От отца к сыну. Как передать ребенку христианские ценности (Нембрини) - страница 20

Когда я подрос и стал возвращаться домой поздно из-за множества разных дел, он всегда встречал меня; ни разу в жизни отец не пошел спать, не дождавшись последнего из возвращающихся домой сыновей. Иногда я приходил домой в два или три часа ночи и, чтобы он не очень сердился, предлагал ему: «Пап, давай прочитаем вместе молитву перед сном», – на что он отвечал: «Иди спать, бестолочь, тебе завтра на работу ни свет ни заря; я сам прочитаю за тебя молитву», – и в четвертый или пятый раз читал одну и ту же молитву – на этот раз за меня, чтобы я мог пойти отдыхать.

Однажды я спросил его, уже прикованного к постели и совершенно потерявшего голос, о его самочувствии. Он ответил мне так же, как отвечал всю жизнь: «Грех жаловаться». В переводе на более высокий стиль эти слова звучали бы так: «Все по благодати Божией». Вот каким человеком был мой отец.

Такой же была и моя мама, которая умерла много лет назад, в 1985-м. Простая женщина из крестьянской семьи, она вырастила десятерых детей и, умирая, призналась: «Мне жаль уходить, ведь теперь, когда вы все уже подросли, я могла бы сделать что-то нужное».
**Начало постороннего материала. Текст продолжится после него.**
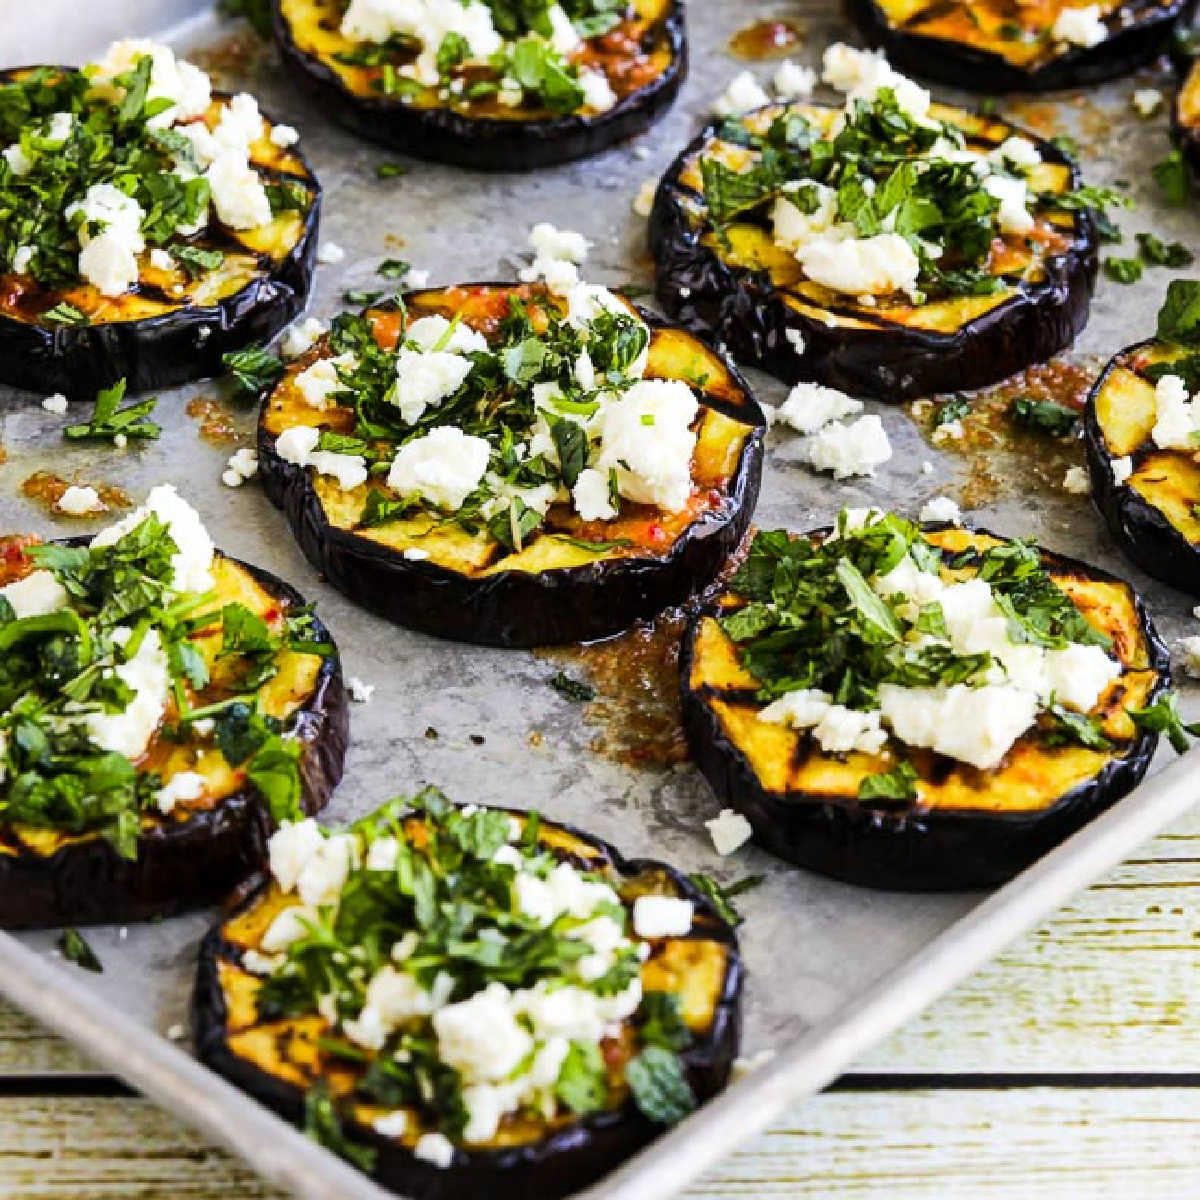 Grilled Eggplant with Feta and Herbs shown on sheet pan.

Да, вы могли бы упрекнуть меня: «Это все истории из старых фильмов, сейчас такие уже не происходят, люди себя так не ведут», – и ваше замечание было бы вполне обоснованным. Но я рассказал вам о своих родителях, потому что именно от них я воспринял самый важный для воспитания критерий, и его важность подтвердилась временем. Этот критерий можно сформулировать так: воспитание – вопрос свидетельства. Проблема не в детях, не в подростках, не в молодежи; если они совершенно потеряны, это не их вина. То есть отчасти это и их вина, но основная ответственность лежит на нас.

Главная проблема воспитания – становление не детей, но отцов; не учеников, но учителей.

Другими словами, дети появляются на свет такими же, какими появлялись сто или тысячу лет назад, с тем же сердцем, с тем же желанием, с тем же разумом, что и всегда, – в них всегда живет неугасимое желание истины, добра, красоты, то есть желание быть счастливыми.

Но каких отцов, каких учителей, каких свидетелей они видят перед собой?

Думаю, я совершенно отчетливо осознал это в тот день, когда однажды, сидя за работой дома, встретился со взглядом сына. Мой старший сын Стефано, которому тогда было четыре или пять, подошел к столу и стал молча смотреть на меня. Помню, когда я заглянул ему в глаза, меня поразило ощущение, что взгляд моего сына содержал в себе совершенно радикальный, неизбежный вопрос, ответа на который я не мог избежать. Глядя на меня, он словно просил: «Папа, докажи мне, что приходить в этот мир имело смысл».